Chapter 8 Defining Cluster Identity with scRNA-seq

In addition to allowing cluster identity assignment with gene scores, ArchR also enables integration with scRNA-seq. This can help with cluster identity assignment because you can directly use clusters called in scRNA-seq space or use the gene expression measurements after integration. The way this integration works is by directly aligning cells from scATAC-seq with cells from scRNA-seq by comparing the scATAC-seq gene score matrix with the scRNA-seq gene expression matrix. Under the hood, this alignment is performed using the FindTransferAnchors() function from the Seurat package which allows you to align data across two datasets. However, to appropriately scale this procedure for hundreds of thousands of cells ArchR provides a parallelization of this procedure by dividing the total cells into smaller groups of cells and performing separate alignments.

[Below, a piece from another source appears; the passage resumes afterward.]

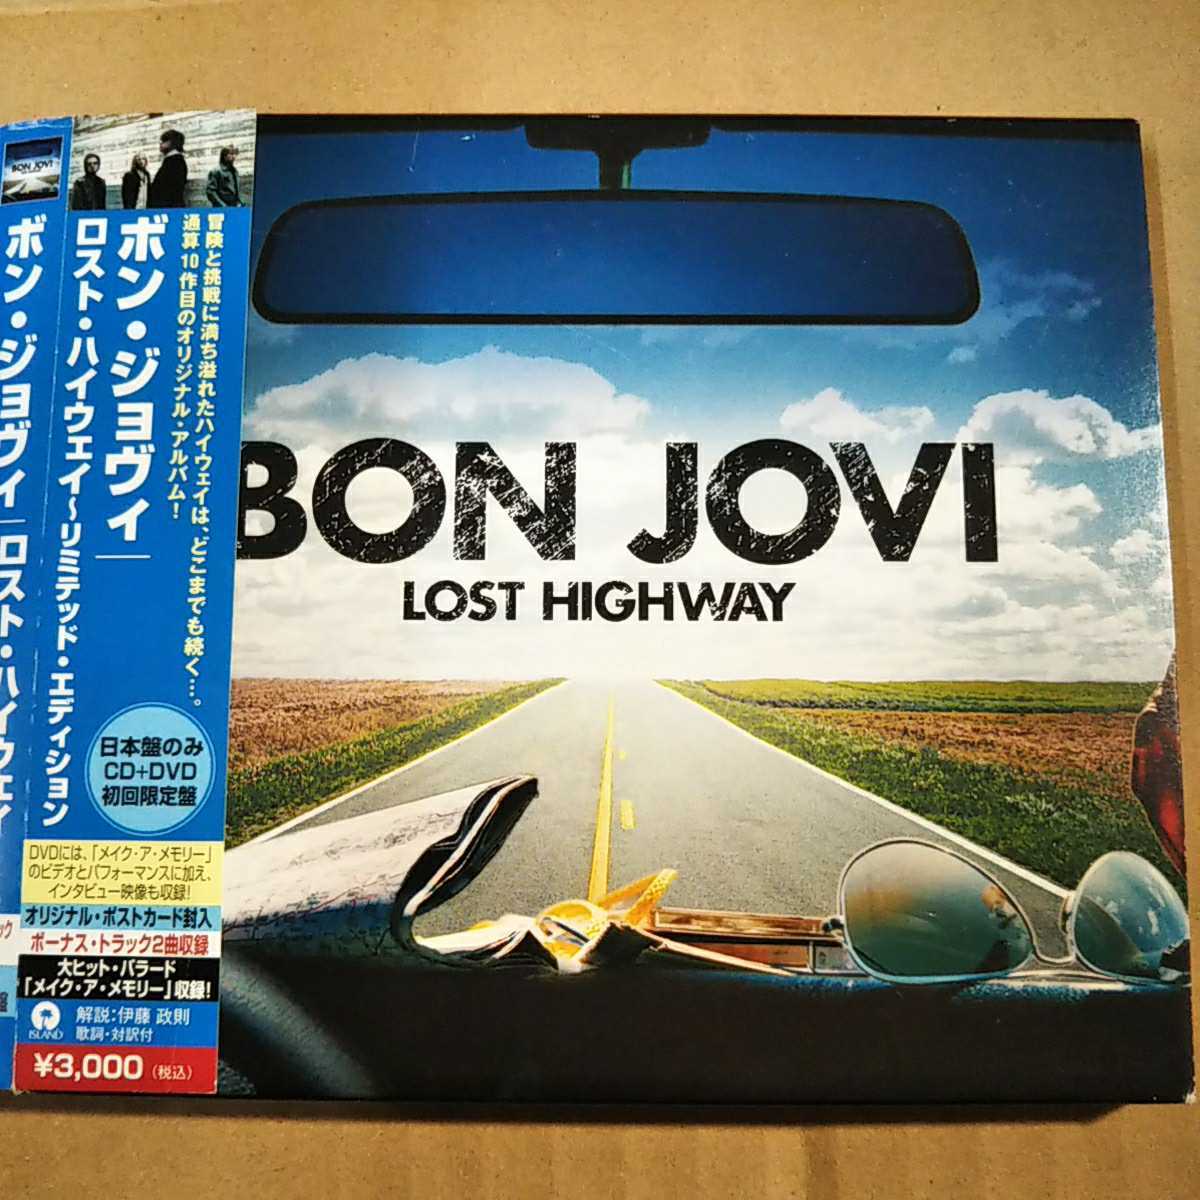 中古CD BON JOVI / ボン・ジョヴィ『LOST HIGHWAY』国内盤/帯有り/紙ケース/2枚組 UICL-9041【1440】
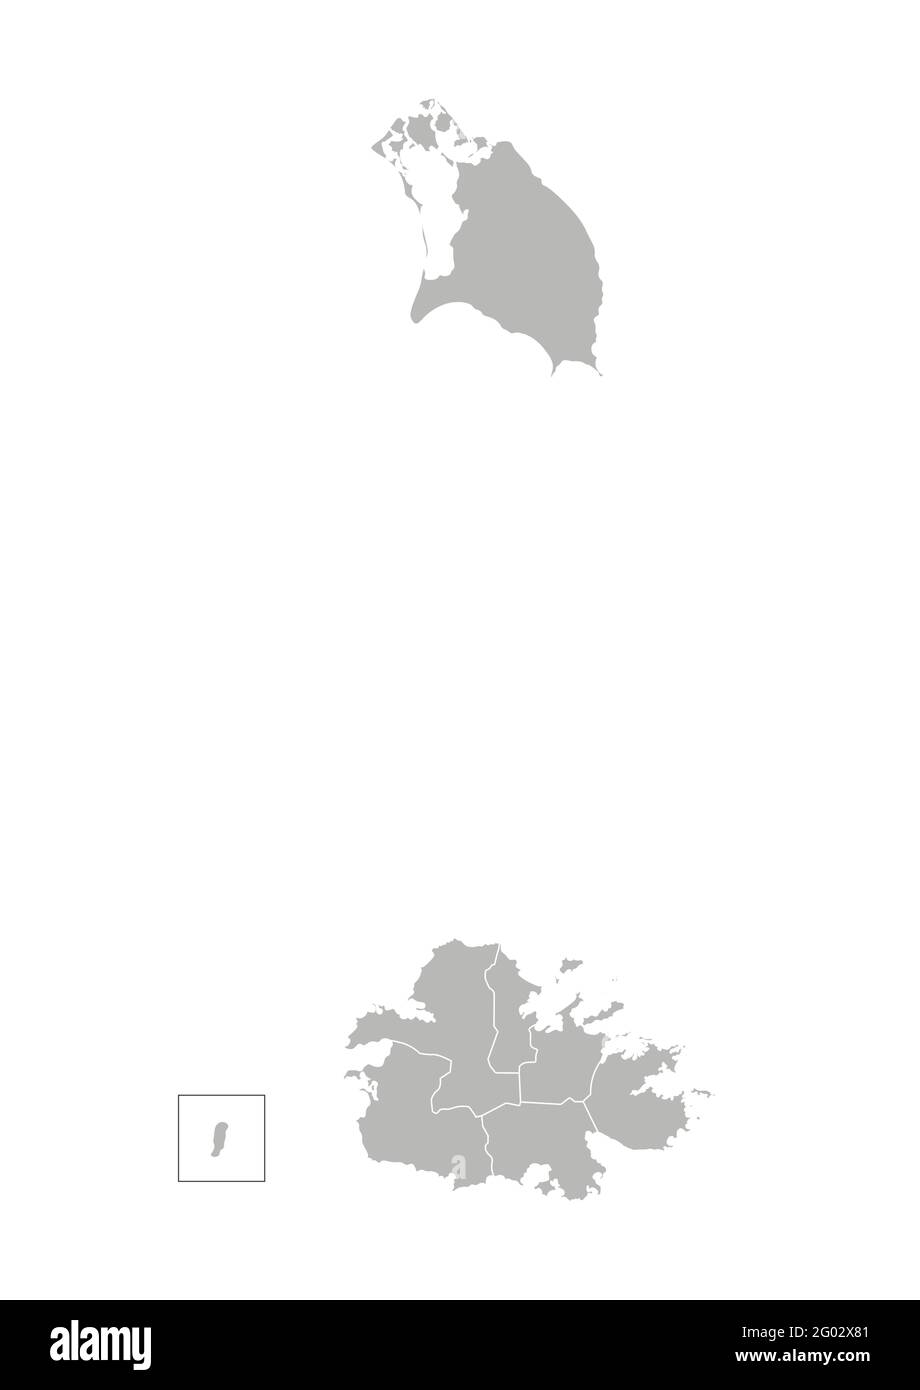 Vector ilustración aislada del mapa administrativo simplificado de Antigua y Barbuda. Fronteras de las regiones. Siluetas grises. Contorno blanco. Ilustración del Vector

Effectively, for each cell in the scATAC-seq data, this integration process finds the cell in the scRNA-seq data that looks most similar and assigns the gene expression data from that scRNA-seq cell to the scATAC-seq cell. At the end, each cell in scATAC-seq space has been assigned a gene expression signature which can be used for many downstream analyses. This chapter illustrates how to use this information for assigning clusters while later chapters show how to use the linked scRNA-seq data for more complex analyses such as identifying predicted cis-regulatory elements. We believe these integrative analyses will become increasingly relevant as multi-omic single-cell profiling becomes commercially available. In the meantime, using publicly available scRNA-seq data in matched cell types or scRNA-seq data that you have generated on your sample of interest can bolster the scATAC-seq analyses performed in ArchR.